In the code I gave above, the base list is the return value of
'parse_pkg_file_list(..)' and it is filtered by two clauses.
The first one:
    record['pkg'] == args.package
only preserves entries in the base list that match the package we are
interested in.
This is the equivalent of:
       if record['pkg'] != args.package:
           continue

and the second clause:
    not any(ignore_re.match(record['file']) for ignore_re in ignores_re)

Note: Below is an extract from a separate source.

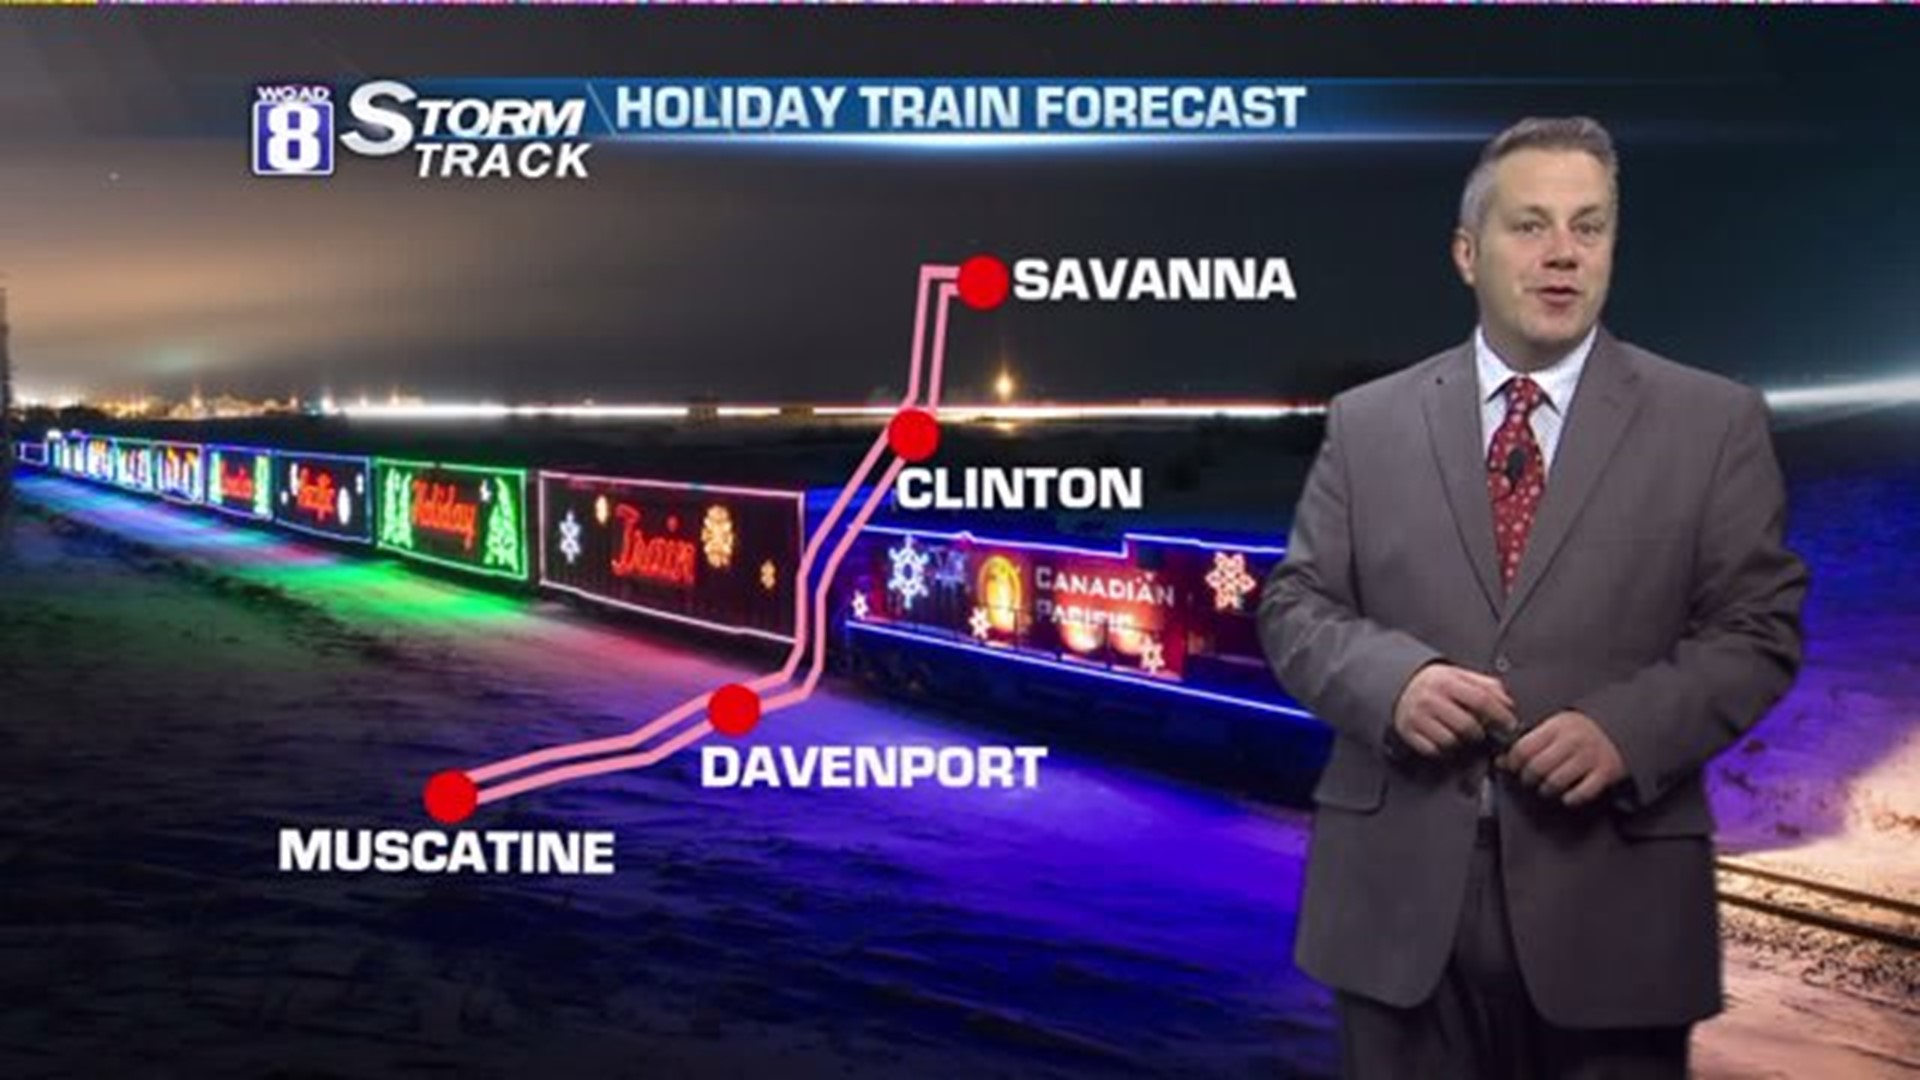 Eric is forecasting nice weather for the CP Holiday Train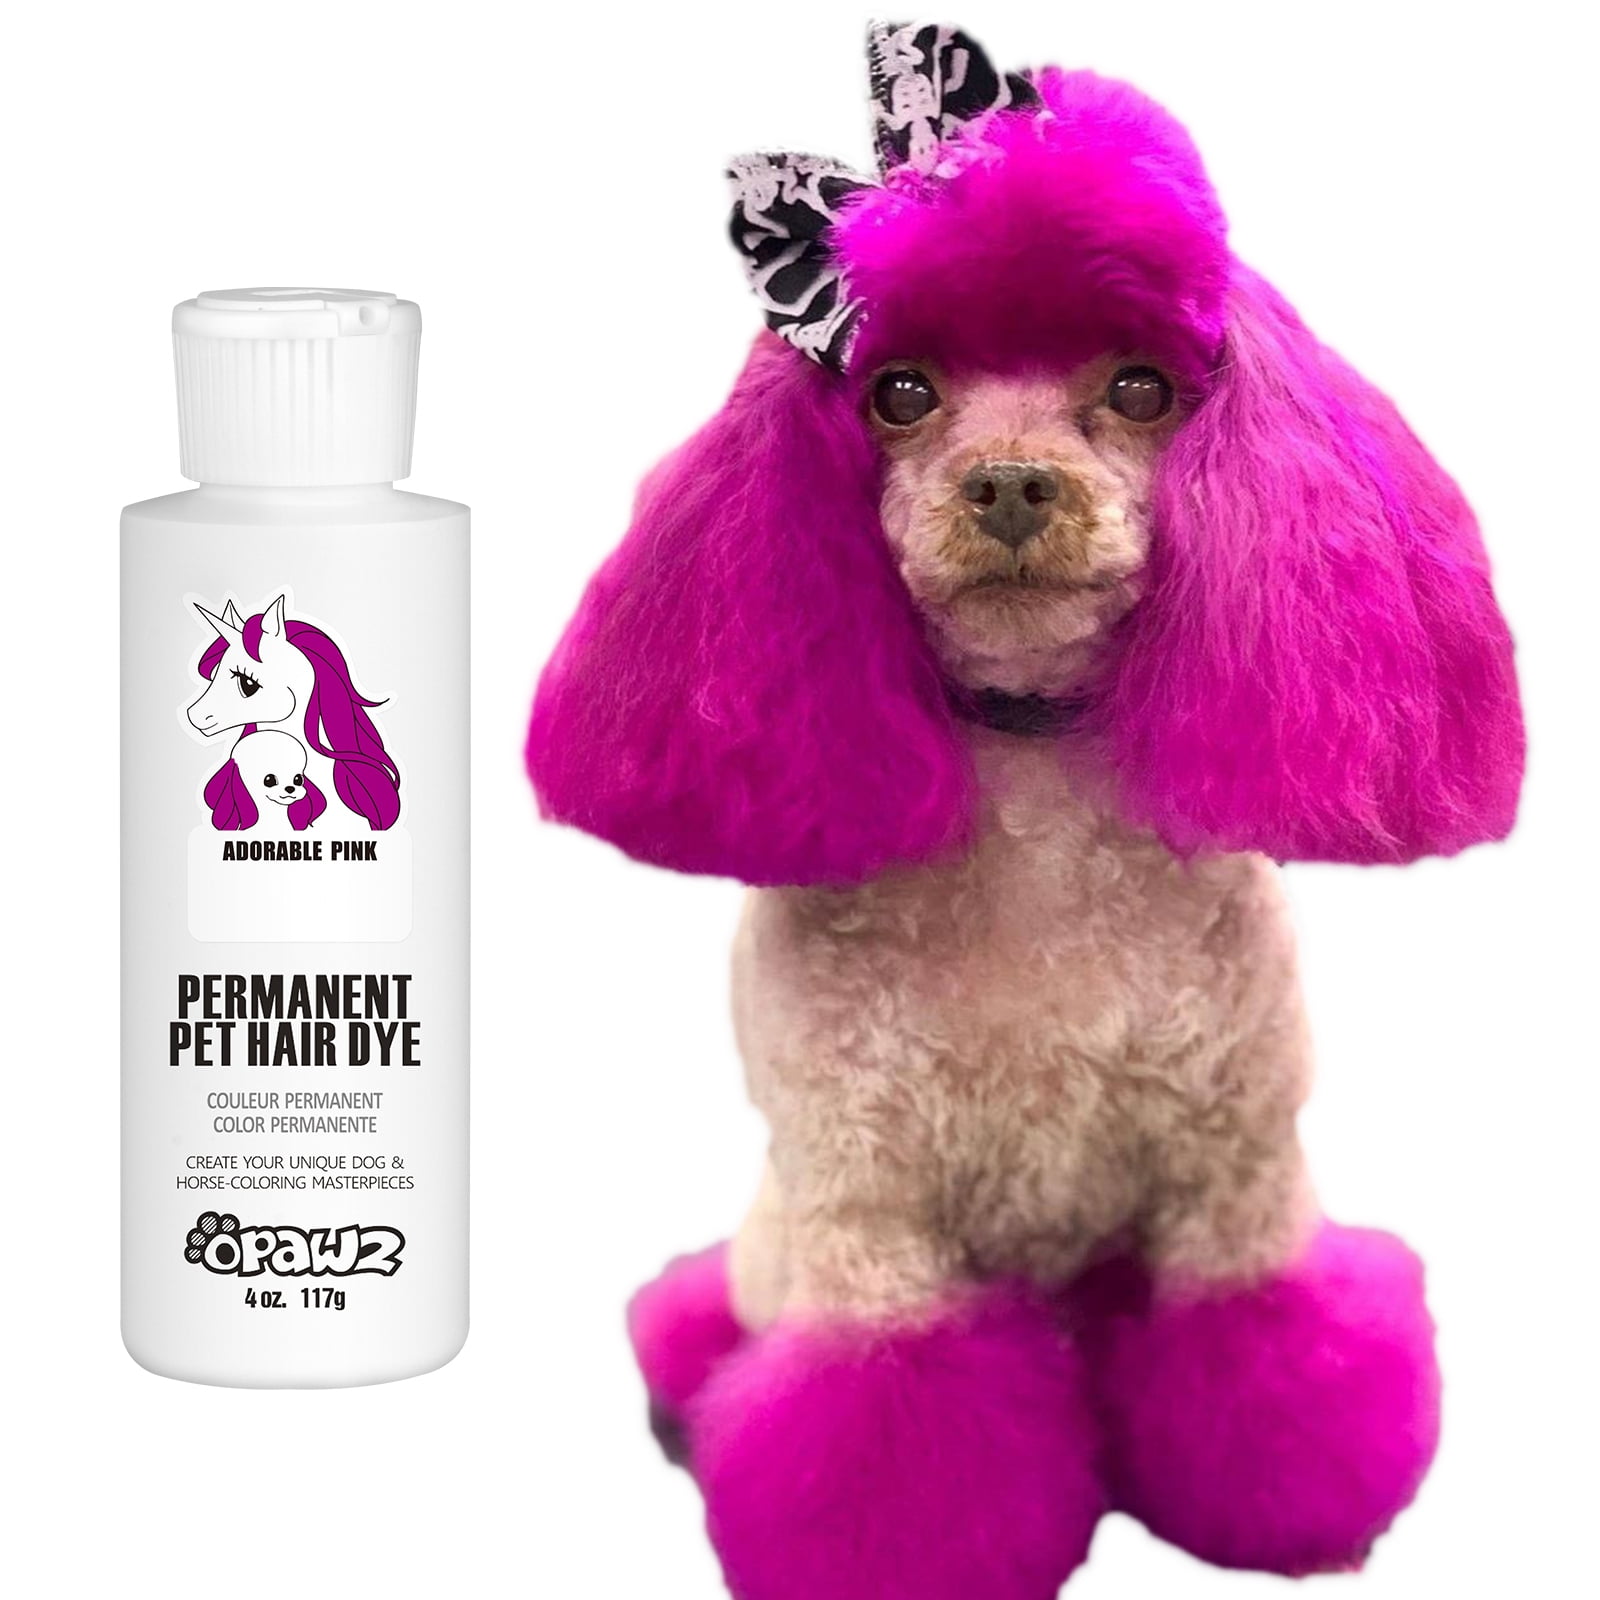 Adorable Pink Dog Hair Dye by OPAWZ - Lasts 20 Washes

Here, any(x) is a function that takes an iterable (x) and returns True
if any of the items in 'x' evaluate to True.
Similar to any(x) there is also all(x) which only returns True if
_all_ items in x evaluate to True.

The value passed to 'any' is '(ignore_re.match(record['file']) for
ignore_re in ignores_re)'
which itself is a type of list comprehension, except that it actually
is a generator comprehension. 'generator' is what you called an
'iterator' in another patch: a thing that 'yields' values one by one.
The difference does not really matter for this discussion, so the base
format is still:

f(x) for x in some_iterable

Here f(x) is ignore_re.match(..) and x is 'ignore_re' itself.

So the following code:
    valid_records = [ record for record in parse_pkg_file_list(args.pkg_list)
                      if record['pkg'] == args.package
                      and not any(ignore_re.match(record['file']) for
ignore_re in ignores_re) ]

naturally reads as:

valid_records  is the list of records returned by parse_pkg_file_list
for which the 'pkg' field is the one we want, and not any of our
ignore expression matches the 'file' field of the record.